The PHP script lives in a folder outside of the webroot, handled by a special location block in nginx. It looks like this:

<?php
    $auth = false;
    $auth_string = '[snip]';

/*
    $headers = apache_request_headers();
    if (!array_key_exists('Authorization', apache_request_headers())) {
        if ($headers['Authorization'] == $auth_string) {
            $auth = true;
        }
    }
*/

    if (array_key_exists('AUTHORIZATION', $_SERVER)) {
        if ($_SERVER['AUTHORIZATION'] == $auth_string) {
            $auth = true;
        }
    }

    if (!$auth) {
        die('Nope.');
    }

    if (!array_key_exists('payload', $_POST)) {
        die('Nope.');
    }

    $payload = json_decode($_POST['payload'], true);
    if ($payload === NULL) {
        die('Nope.');
    }

    if ($payload['branch'] != 'master') {
        die('Nope.');
    }

    if ($payload['status'] == 0) {
        exec("/usr/bin/sudo /usr/local/bin/update-site.sh | logger &");
        echo "OK";
    }
    else {
        echo "OK (NOP)";
    }
?>

This script is run through FastCGI, which is why the Apache block is commented out. (I changed from Apache to nginx as part of setting this up, as Apache’s config was doing my head in.) There’s a fastcgi_param directive in the nginx configuration which passes the HTTP Authorization header in to this script. Travis sets this header to show it’s a valid call to your webhook. You can calculate your authorization key like so:

  1. Go to your profile on Travis and click the little eye icon to see your token: travis_token
  2. Run this python script (or equivalent in whatever language):
from hashlib import sha256
sha256('username/repository' + TRAVIS_TOKEN).hexdigest()
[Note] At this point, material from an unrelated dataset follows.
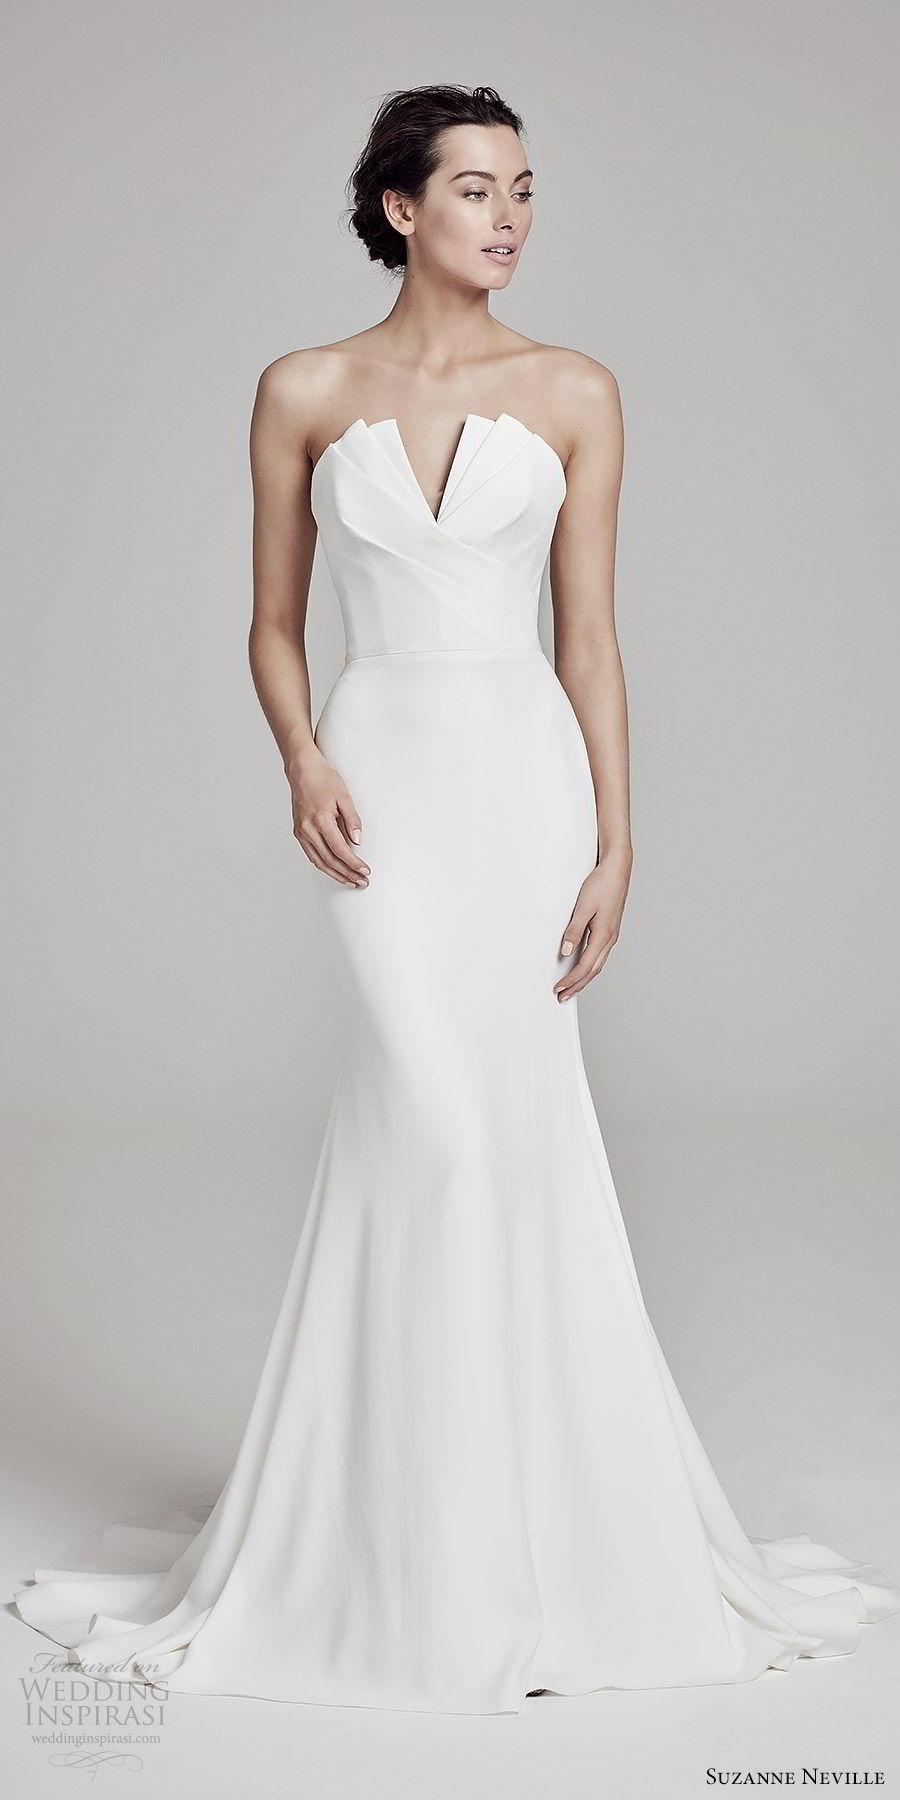 suzanne neville bridal 2019 strapless crumbcatcher split neckline minimal sheath wedding dress (carmella) sweep train chic elegant mv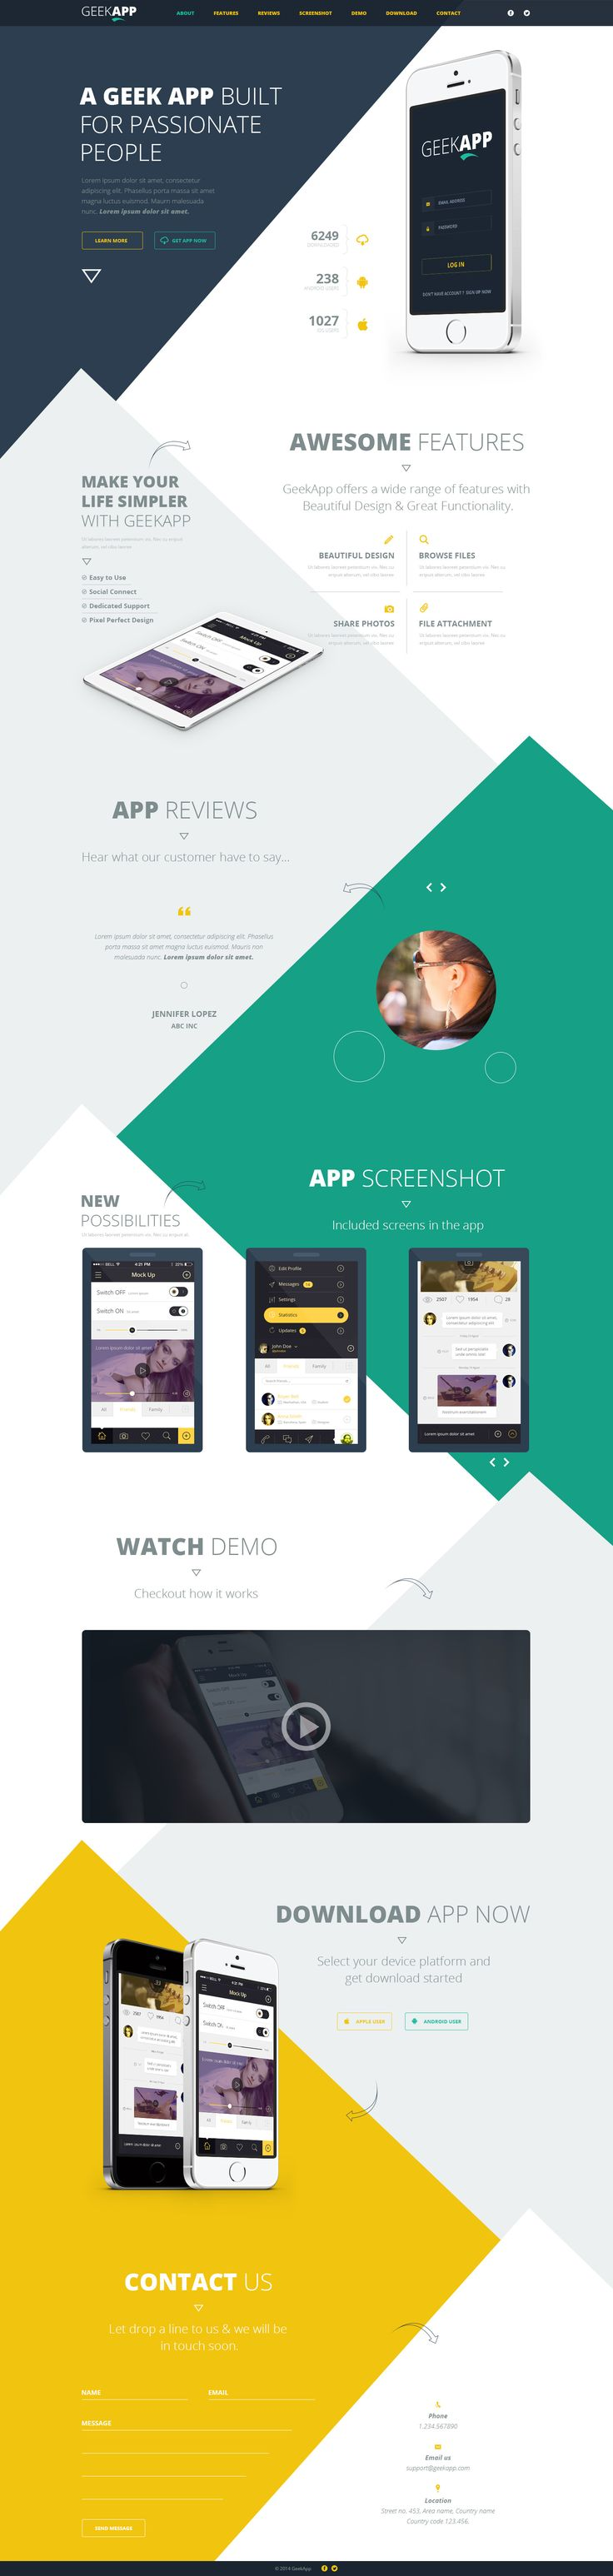 GeekApp - One Page App Landing PSD Template #web #design

This is also where I check the branch Travis is telling me about. Tavis’s own documentation is a bit poor on what data is in the webhook payload, but you can see it in the source, and happily it includes the branch name.

Here’s the shell script to deploy the site:

#!/bin/sh

set -ex

ROOTDIR=/var/www/html
BUCKET=net-jamesoff-www
WEBHOOK='https://hooks.slack.com/services/[snip]'

OLDDIRS=$( ls -d ${ROOTDIR}/jamesoff.net-???? )
NEWDIR=$( mktemp --tmpdir=$ROOTDIR -d jamesoff.net-XXXX )

send_notification() {
    curl -X POST --data-urlencode 'payload={"text":"Updated <http://jamesoff.net> is live.","username":"jamesoff-deploy-bot"}' $WEBHOOK
}

echo New directory is $NEWDIR
echo Old dirs are $OLDDIRS

cd $NEWDIR
aws s3 sync s3://${BUCKET}/ .
chmod -R a+rx $NEWDIR
mv ${NEWDIR}/_htaccess ${NEWDIR}/.htaccess

echo Switching symlink...
rm -f ${ROOTDIR}/jamesoff.net && ln -s $NEWDIR ${ROOTDIR}/jamesoff.net

# nginx looks for this file, so if it's missing for some reason, make an empty one
[ -f ${ROOTDIR}/jamesoff.net/nginx-rewrites ] || touch ${ROOTDIR}/jamesoff.net/nginx-rewrites

nginx -t && nginx -s reload

[ -z "$OLDDIRS" ] && send_notification && exit 0

echo Removing old dirs
rm -rf $OLDDIRS
send_notification

The script makes a new directory with a unqiue name, and mirrors the S3 bucket into it. It moves the .htaccess file to the correct name (having it start with a . meant it was missed by Travis’s deployment step). This is not now used since I switched to nginx, so I shall remove it soon. It then checks the nginx-rewrites file exists, and if not makes a blank one. nginx includes this file from its configuration, so if it’s missing it will be sad. It then checks the nginx config is still valid, and then reloads it (so nginx notices changes to the rewrites file).

If there are no old directories (typically only true the very first time you run the script) it sends the success notification, and exits. If there are any old directories, they’re now removed then the notification is send and the script exits.

The notification is sent using a POST to a Slack webhook, which is set up from Slack’s configuration. The configuration will give you the URL to hit, including some tokens.

Missing bits

There’s still a couple of things I’d like to fix up:

  • failure notification for deployment
  • use s3 sync from the awscli instead of Travis’s dump copy-everything-every-time mode. This will also fix the case where I remove a file from the site, but it won’t get removed from the S3 bucket (and thus will remain on the server).